WHAT YOU HAVE TO DO
Write out only the lines from the line that holds "padlock security isolated icon - Stock Image" to the end of the listing below, inclusive, with the pictures omitted.

GIVEN DATA

──────────────────────────────

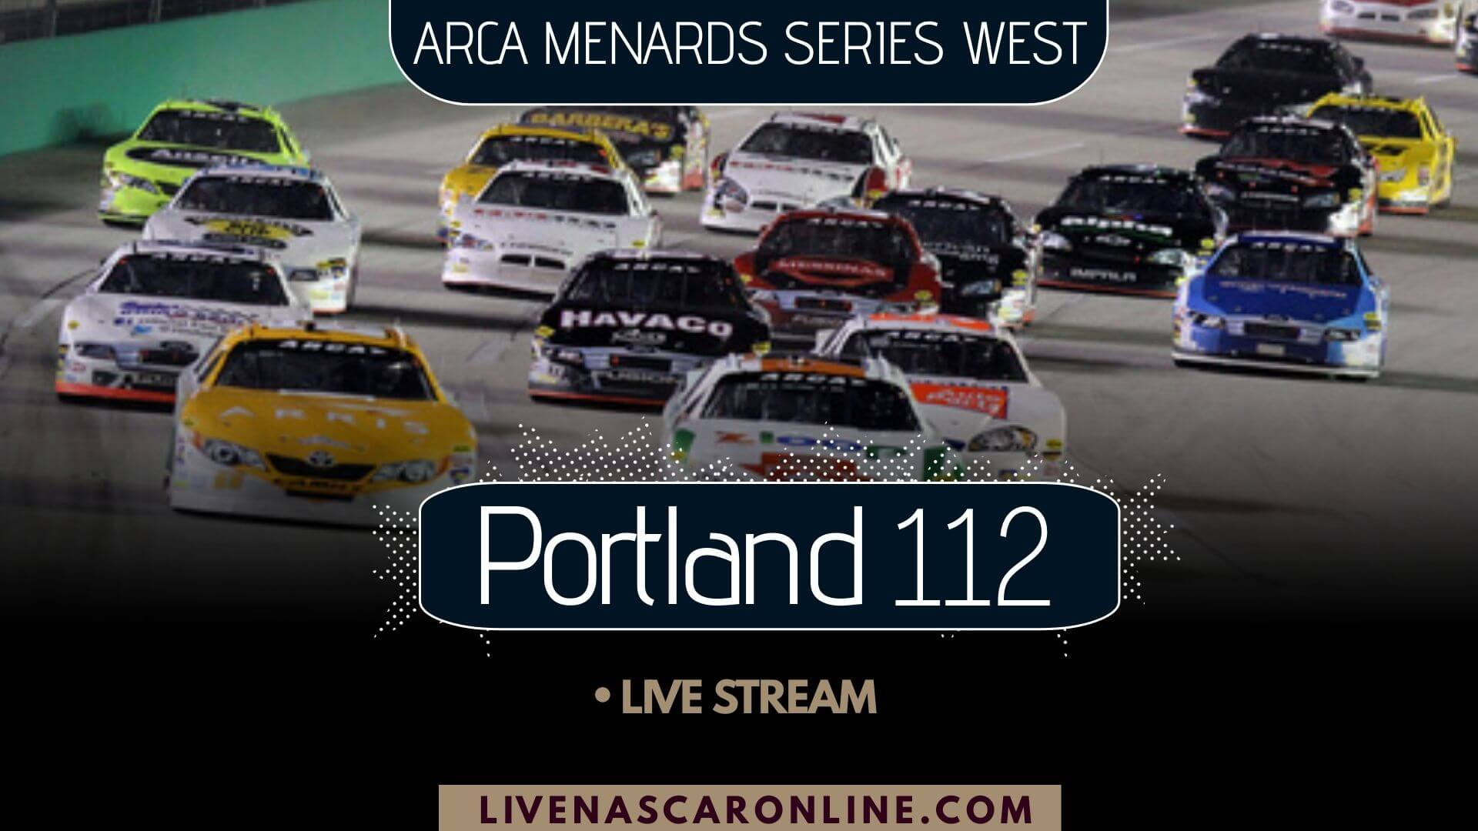 Portland 112 ARCA Race Live Stream
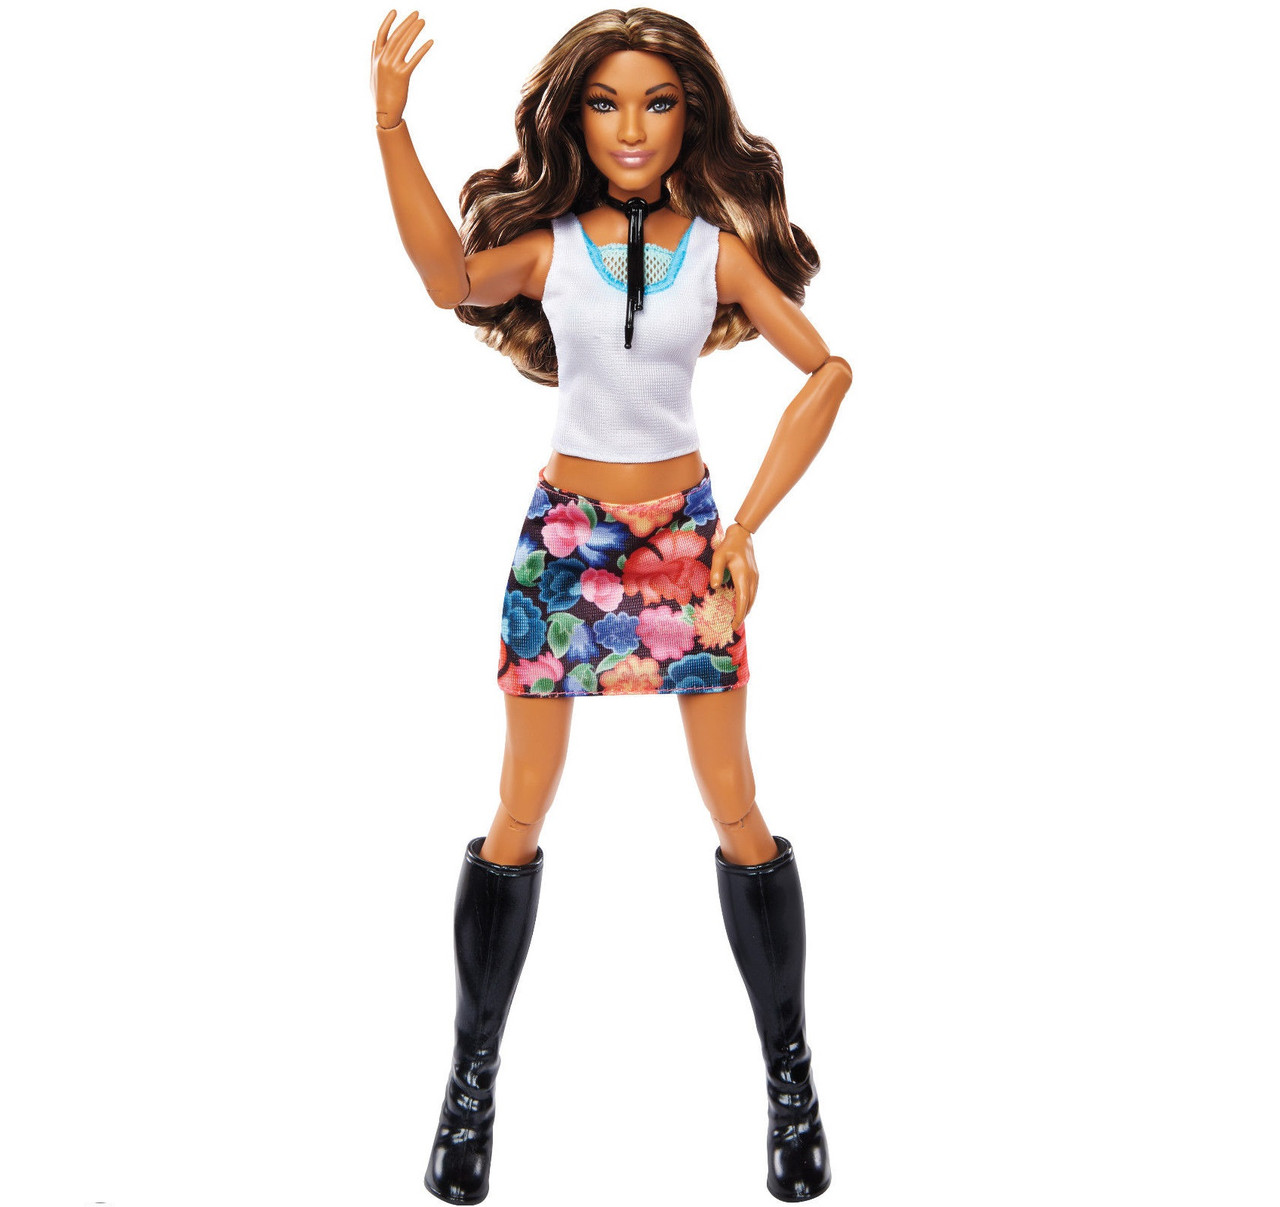 Кукла Суперзвезда Алисия Фокс, WWE Superstars Alicia Fox Fashion Doll
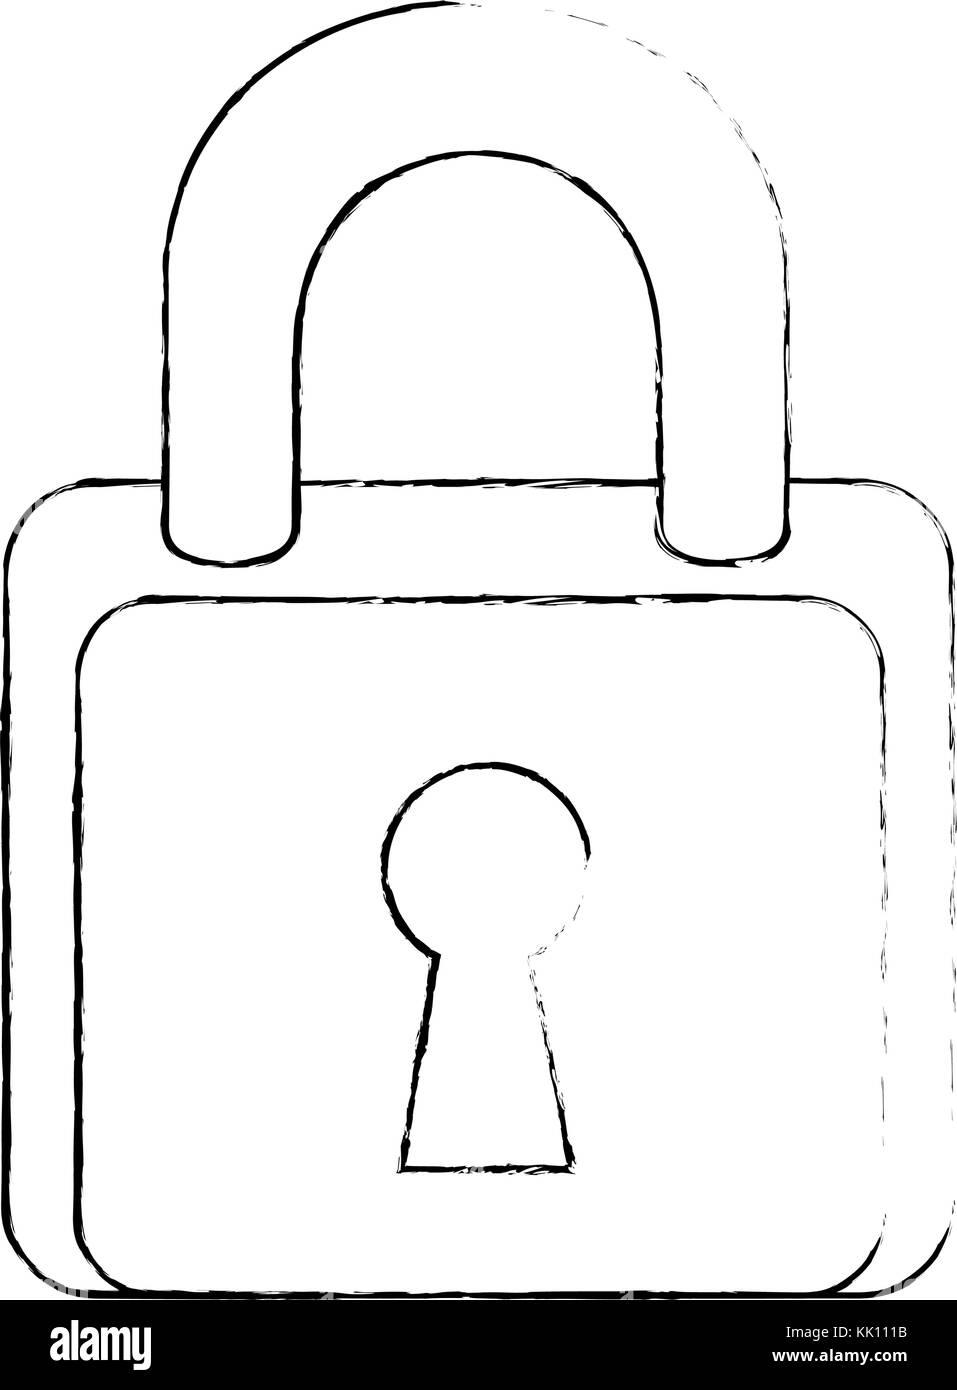 padlock security isolated icon - Stock Image
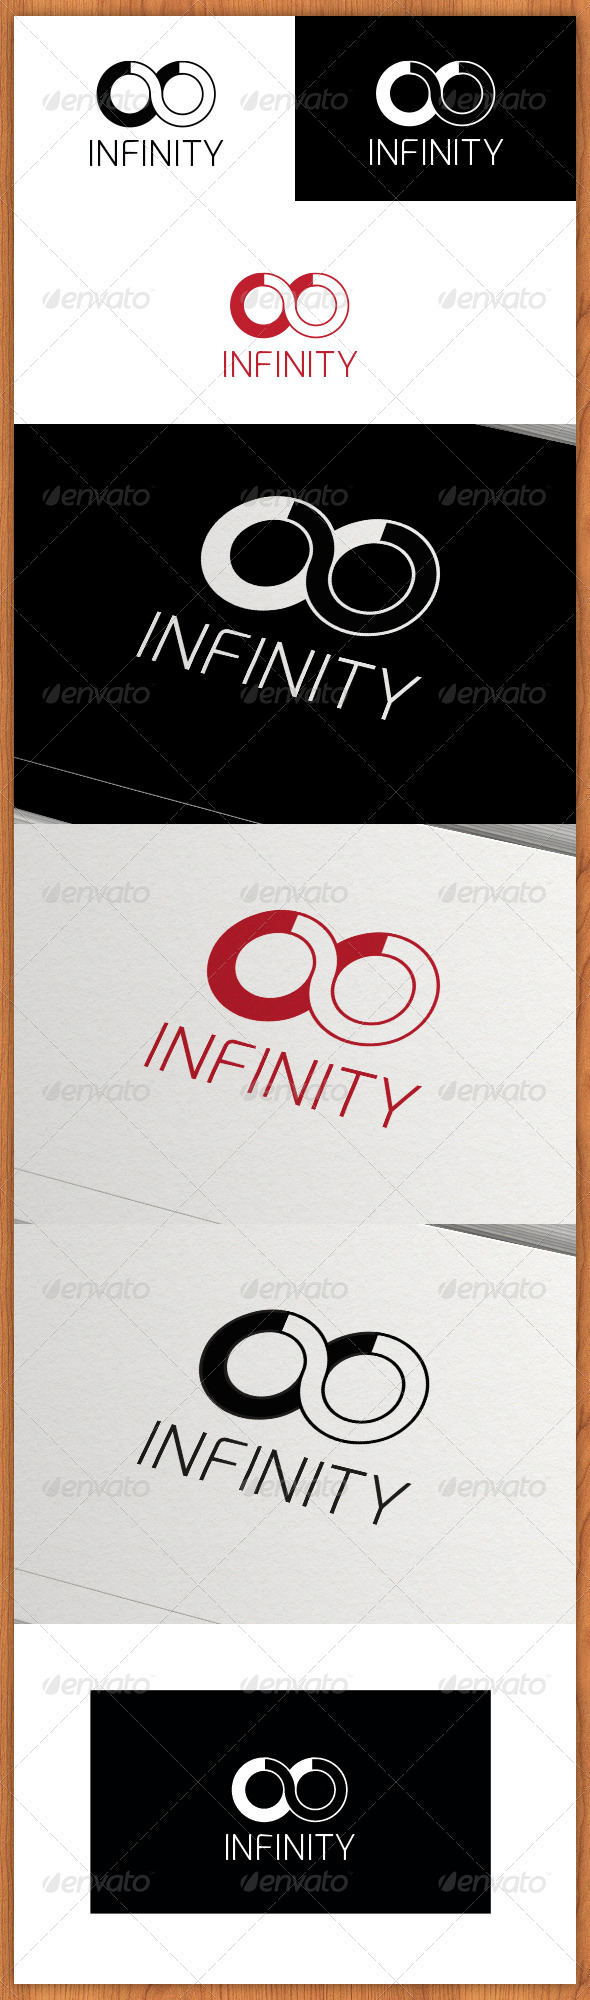 GraphicRiver Infiniti Logotype 3916318

──────────────────────────────

RESULT FOR THIS EXERCISE
 padlock security isolated icon - Stock Image
 GraphicRiver Infiniti Logotype 3916318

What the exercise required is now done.